[Met Performance] CID:130690

Metropolitan Opera House, Tue, January 28, 1941

Louise (38)
Gustave Charpentier | Gustave Charpentier
Grace Moore

René Maison

Doris Doe

John Brownlee

Helen Olheim

Edith Herlick

Suzanne/Young Ragpicker
Lucielle Browning

Irra Petina

Maxine Stellman

Camille/Artichoke Vendor
Thelma Votipka

Annamary Dickey

Anna Kaskas

Errand Girl/Street Arab
Natalie Bodanya

Maria Savage

John Gurney

Louis D'Angelo

Emery Darcy

Arthur Kent

Wilfred Engelman

George Cehanovsky

Nicholas Massue

John Dudley

George Rasely

Norman Cordon

Birdfood Vendor
Reno Mabilli

Birdfood Vendor
Joseph Santoro

Pope of Fools/Carrot Vendor/Noctambulist
Alessio De Paolis

Monna Montes

Ettore Panizza

Review 1:

Review of Virgil Thomson in the Herald Tribune

Paris in Slow Motion

For anyone particularly sensitive to the charm of Montmartre, the opera "Louise" exerts an irresistible attraction. One goes back to it year after year, if only to see its dawn and its dusk, its chimney pots and its view of Paris at night with fireworks and the illuminated Eiffel Tower. Its music fades a bit each year; its melodies grow dim and disjointed; and the lack of any solid harmonic substructure in the whole work becomes more and more evident. Its orchestral texture stands up pretty well. And the charm of the whole remains like the charm on Montmartre itself, which is ragged, decrepit, stinking, dank and forever falling to pieces. One would not have it otherwise. Montmartre has no grandeur in decay, like the Louvre and the Marais and the Ile Saint Louis. Its only grandeur is its decay, its decay and its tradition that human beings are human beings, no matter what happens to them.

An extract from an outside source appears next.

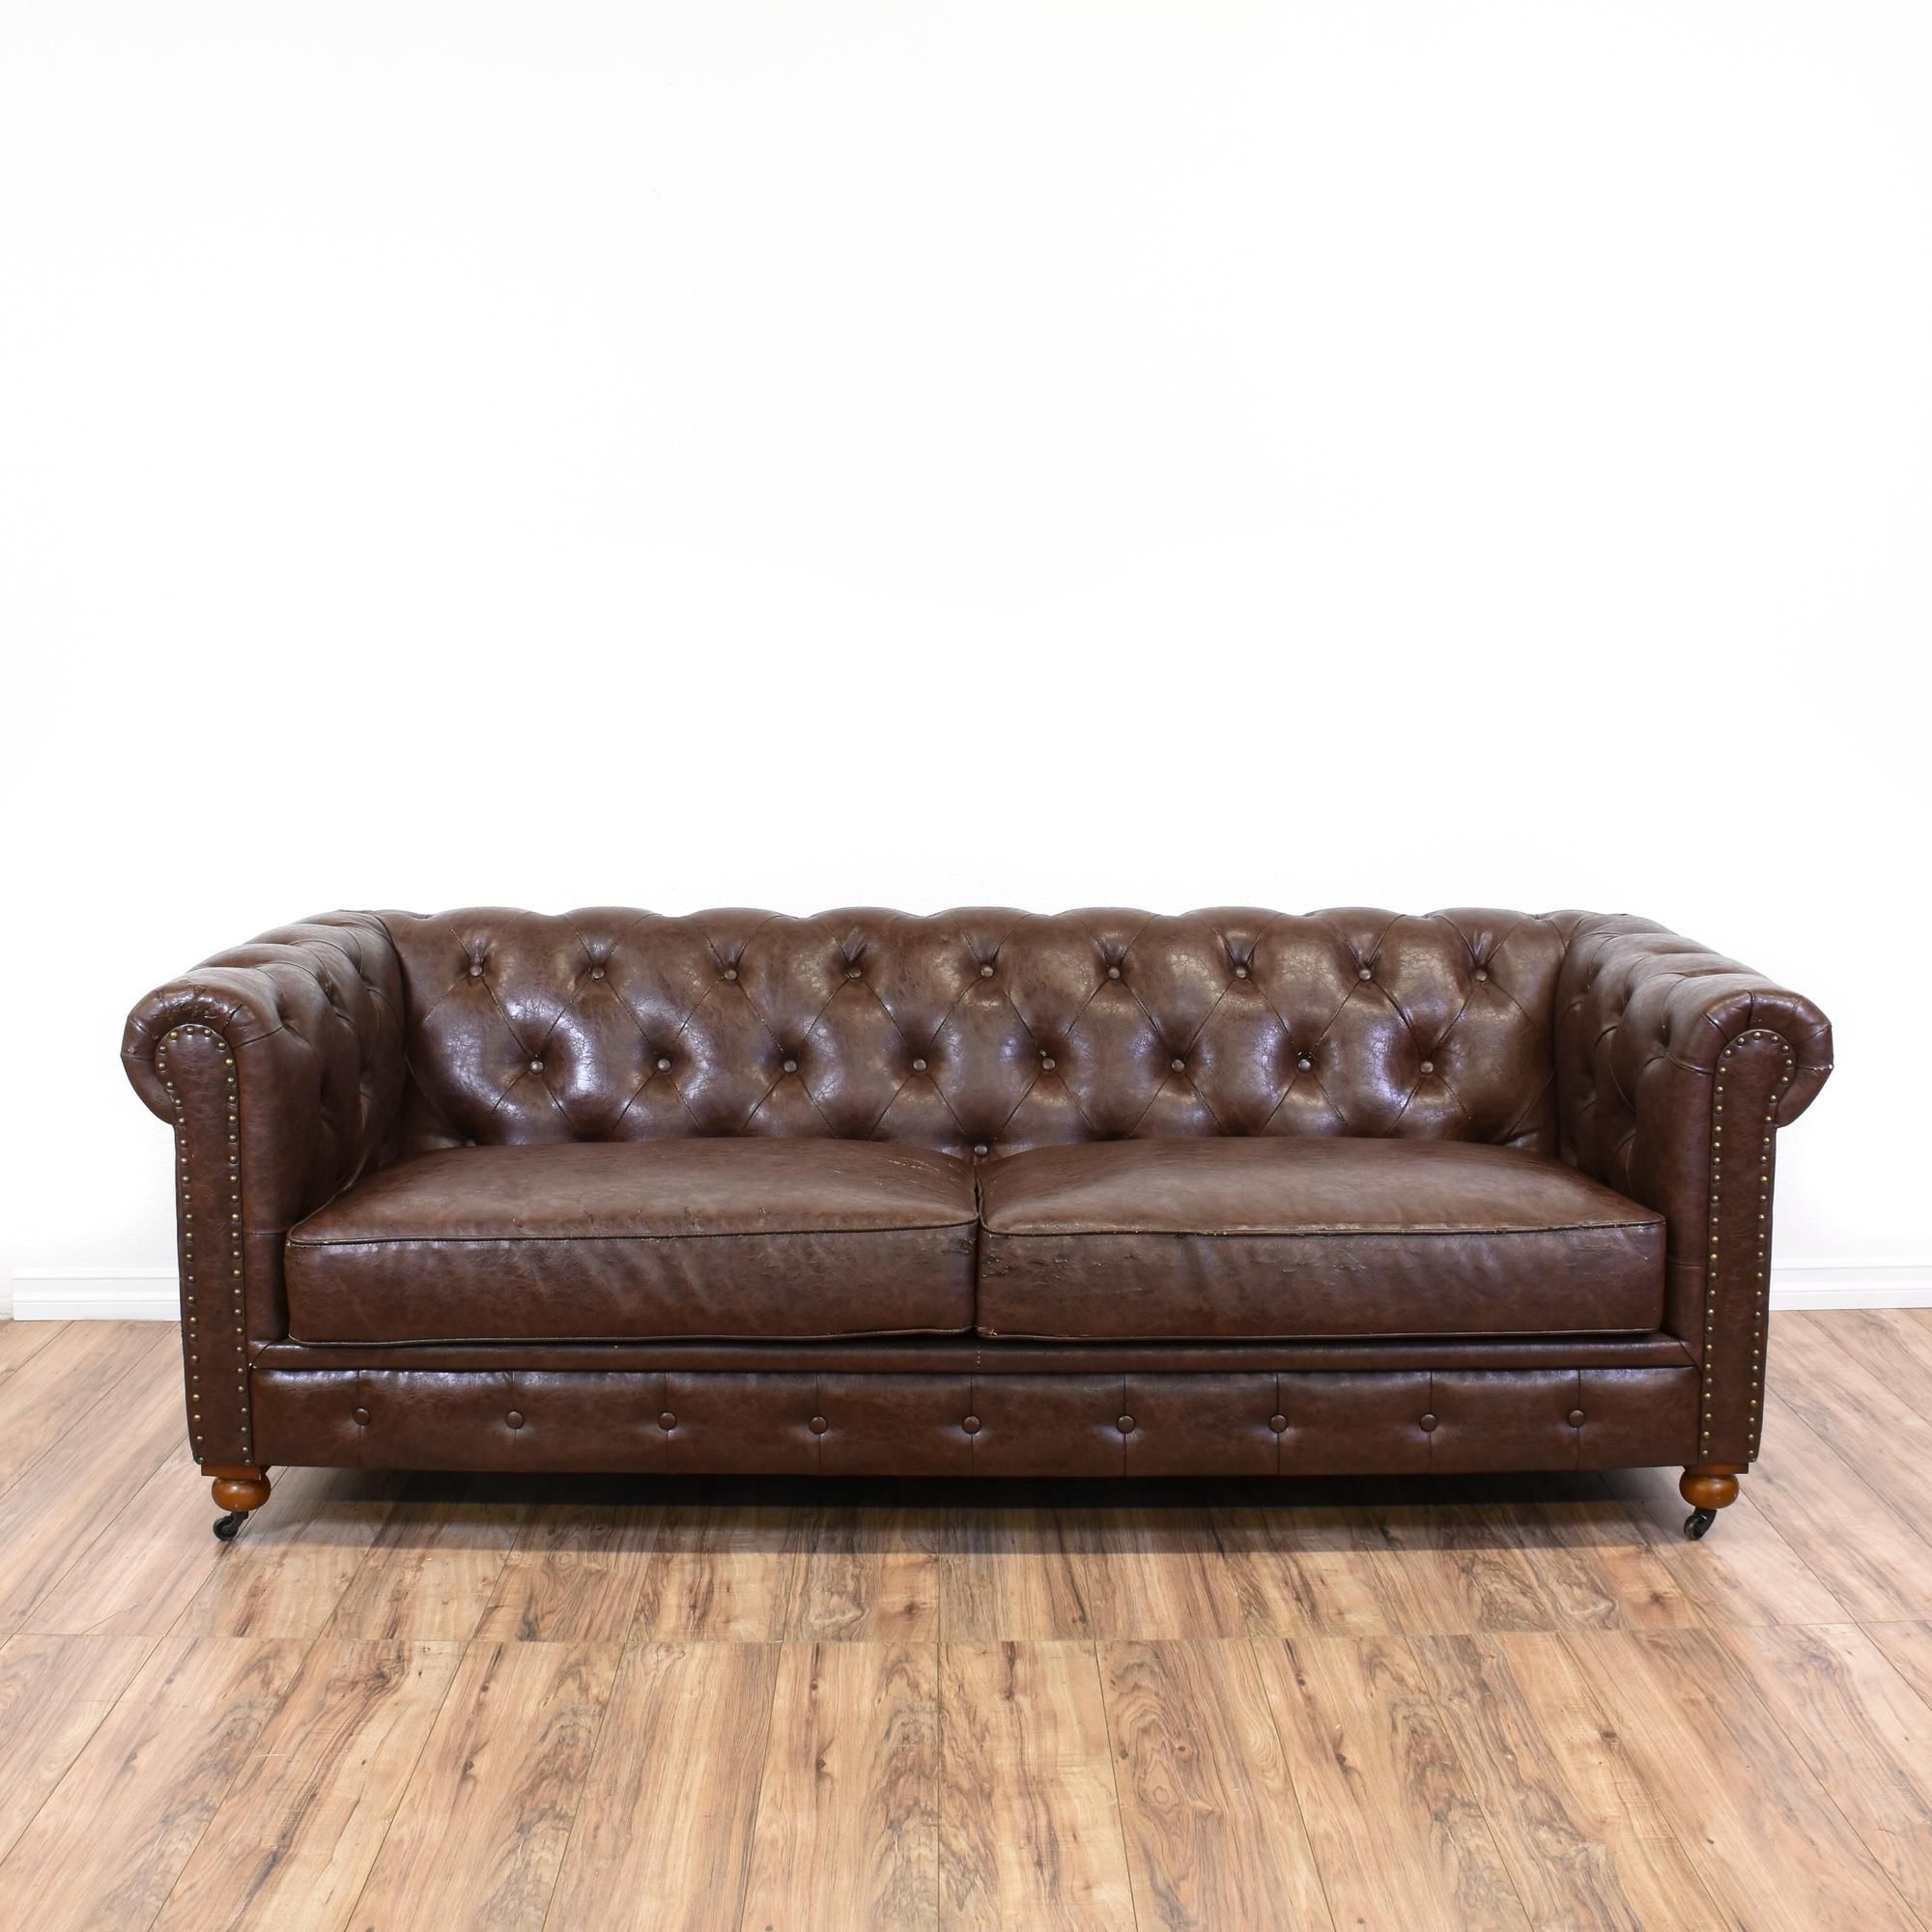 This Chesterfield Sofa Is Upholstered In A Faux Brown Leather With A With Recent Faux Leather Sofas In Dark Brown (Photo 10 of 15)

And so, returning to "Louise" last night, I was not really caring very much what happened to it since my least hearing of it a year ago in Paris, or what was going to be done to it by an Italian conductor and a largely American cast. "Louise" was "Louise." Not a masterpiece of music in itself, but a reminder, an evoker of Paris and springtime and youthful lives devoted to art and love.

Not caring if it were done badly, I was perhaps equally insensitive to the excellences of last night's performance. Miss Grace Moore has a strong voice and a good figure, and she sings well enough. She seems to have worked hard and to be animated by a sincere desire to please. She leaves me cold, all the same. René Maison leaves me cold, too, though his singing is often quite fine, and his way of walking through the role without attempting to act more than the strict minimum of it is a thoroughly distinguished operatic job. Miss Doe did a somber Mother. She was good, but she lacked energy. Mr. Brownlee's Father was vocally and physically unimpressive. The role needs more dogmatism, more weight than his elegant singing and acting style can give it.

The lackadaisical air of the whole evening was probably due as much to the conductor as to the singers. Mr. Panizza took everything too slow. The scenes fell to pieces. Even the intermezzo on Paris street cries and the scene between night and day that follows it, which are hard to muff, fell as flat as I have ever heard them fall. The dressing shop did better, and the love-and-socialism third act, with ballet and coronation of the Muse, was almost up to normal tempo.

Another reason for the performance's inability to click, in spite of its many excellences, is to be found no doubt in the Metropolitan Opera Company's nervousness about casting. It is rarely indeed that any two performances of any opera at that house are sung by the same singers. The Flagstad-Melchior "Tristan und Isolde" is about the only permanent bit of casting in the repertory, and even then they have their Brangäne and King Mark switched on them from time to time. But their duo remains, and it gives great power to the opera. Miss Moore is not a bad Louise at all. But one singer cannot give unity to an ensemble. I fancy that if she were allowed to sing the role with the same tenor for a season or two, whether that were Mr. Kullman or Mr. Maison, the whole performance would eventually take on shape and become an audience favorite. But if every performance is be a reading, a rehearsal with a new supporting cast, it is not surprising that even such a pushover for Paris as myself should find her rendition of Louise tentative and lacking in conviction.